Surya du Lamentin, 20 ans, 2ème année d’école d’infirmière en Métropole :
Pour moi, le carnaval n'est rien de plus qu'un prétexte utilisé par certains pour faire des choses qu'ils n'oseraient pas faire dans la vie de tous les jours. Je me souviens que dans mon enfance, ma mère m'avait emmené voir brûler le fameux "Vaval". Alors que je n'avais qu'environ 7 ans, je me souviens de ce jour car il y a eu un meurtre. J'ai encore le souvenir d'un jeune qui se vidait de son sang. Ce qui m'a le plus choquée, c'est que ma main que j'avais par mégarde laissée traîner sur le vieux pont du carrefour Mahault était remplie du sang de ce jeune homme que j'ai vu mourir. Cette scène m'a laissée un mauvais souvenir du carnaval.

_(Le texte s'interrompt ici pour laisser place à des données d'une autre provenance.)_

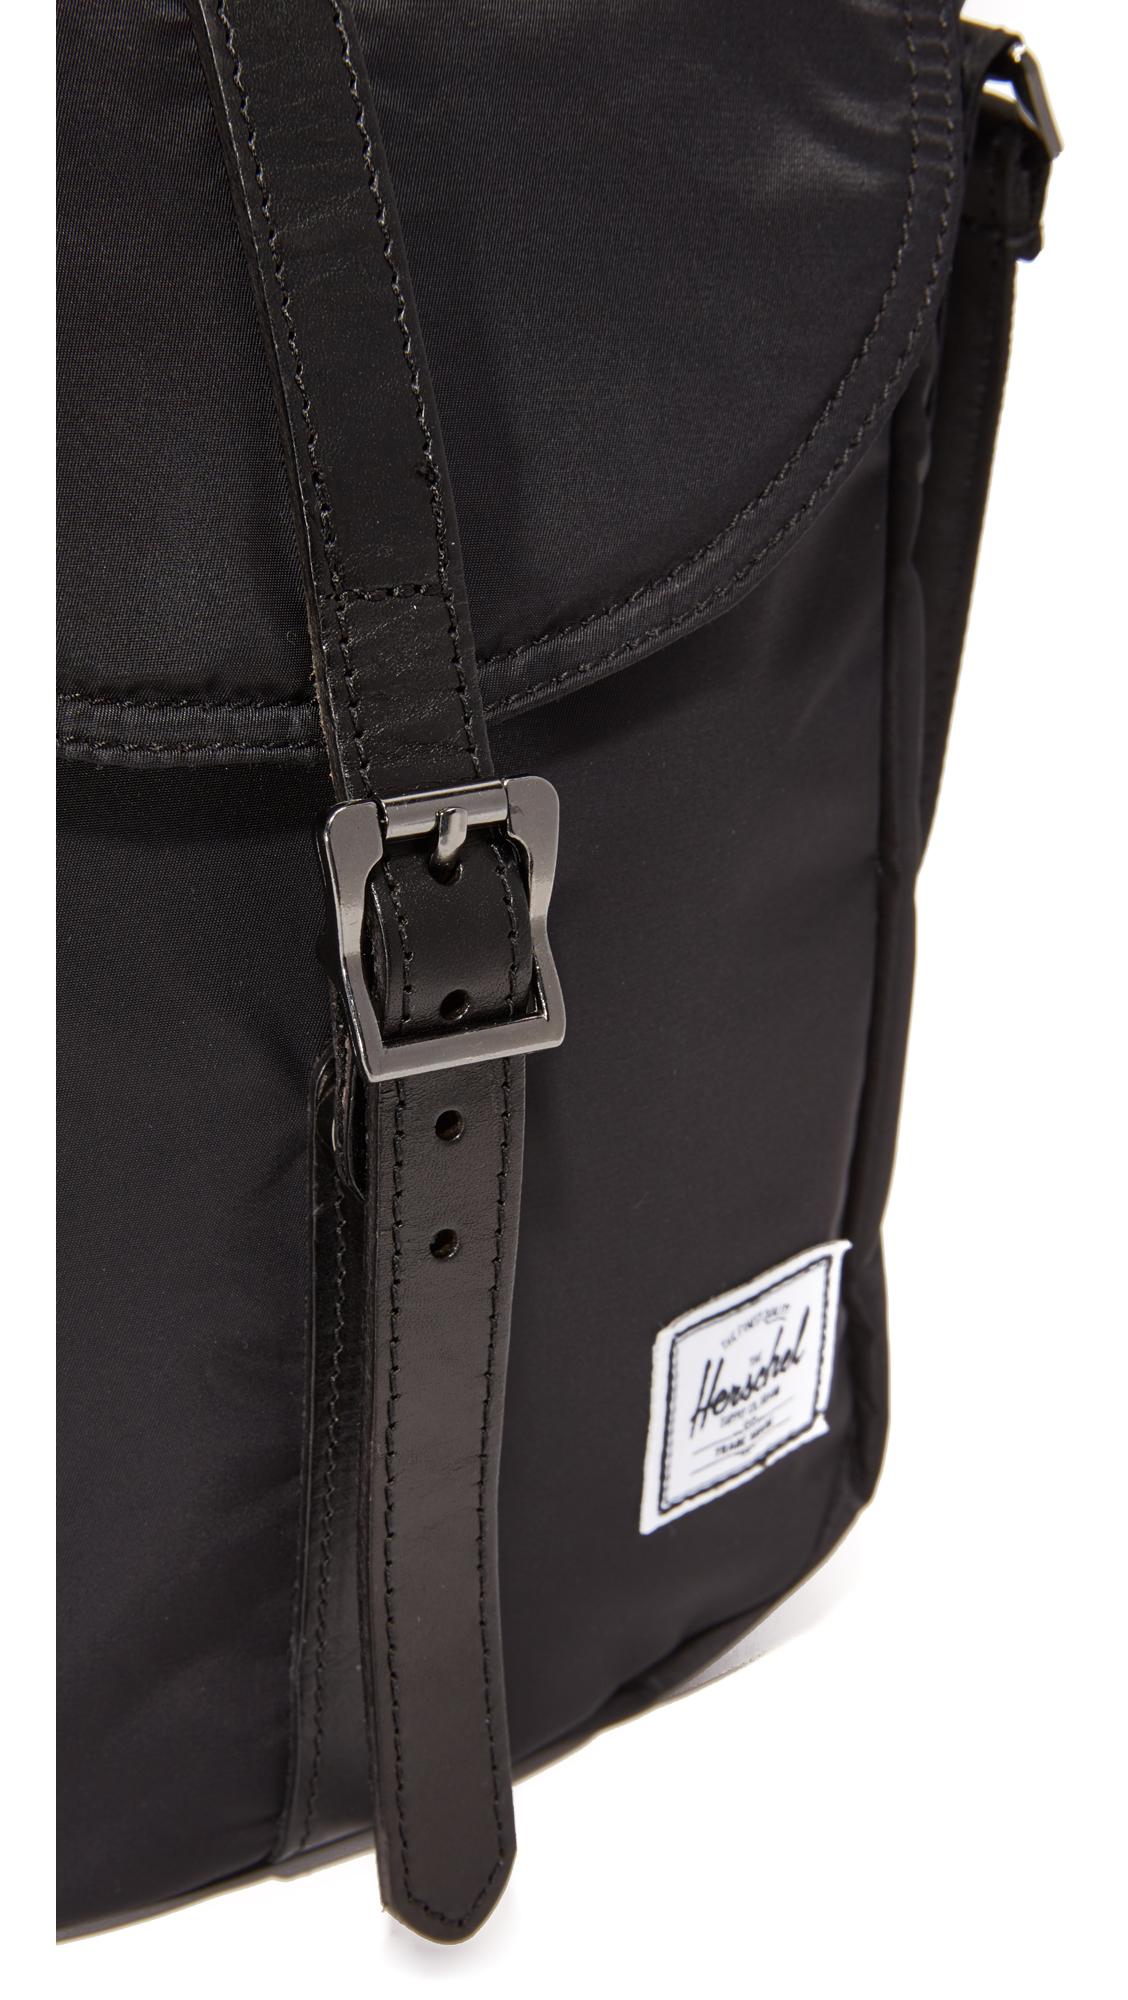 Herschel Supply Co. Kingsgate Cross Body Bag  caaa77939bc29

Eric du Lamentin, 33 ans, assistant d’études :
Le carnaval est un espace dans le temps qui se prépare et que l'on aménage pour échanger du bonheur. Ce bonheur aussi éphémère qu'il soit s'adresse à tout un chacun quelque soit ses origines et sa condition sociale.
On peut être soit même, quelqu'un d'autre ou devenir tout le monde.
La qualité du spectacle et l'émotion suscitée auprès des spectateurs et carnavaliers sont liés.
Pour vivre un bon carnaval, il faut des participants, quelque qu'ils soient, de qualité. Il convient donc d'être vigilant sur :
- sa lucidité : toujours rester maître de sa personne et de son comportement (pas besoin d'alcool, de drogue ou autre euphorisant...)
- sa tenue : les déguisements les plus beaux sont les plus couvrants (il faut garder sa nudité au placard).
Le carnaval est une fête populaire, touristique, ouverte à tous. Les dérives d'année en année conduisent déjà dans certaines communes à l'annulation de manifestations. Chacun doit donner l'exemple.
Linda de Sainte-Luce, 38 ans, formatrice :
Détachement, recueillement, réflexion, introspection, regroupement et partage avec d'autres Chrétiens pour mieux appréhender le Carême, prière ....
Xavier de Sainte-Luce :
Le carnaval représente un moment de vacances, particulièrement de repos. En d’autres termes, je ne cherche ni à participer, ni à regarder ce qu’il en est. Je fais en sorte de me retrouver loin des manifestations carnavalesques. Le carnaval ne m’a jamais intéressé.
Temps de repos, pour Xavier, de préparation au Carême pour Linda, mauvais souvenir pour Surya, moment de bonheur pour Eric, le carnaval ne laisse pas indifférent. Indépendamment de l’usage qui en est fait, c’est d’abord un temps dont on dispose librement, donc un espace de liberté.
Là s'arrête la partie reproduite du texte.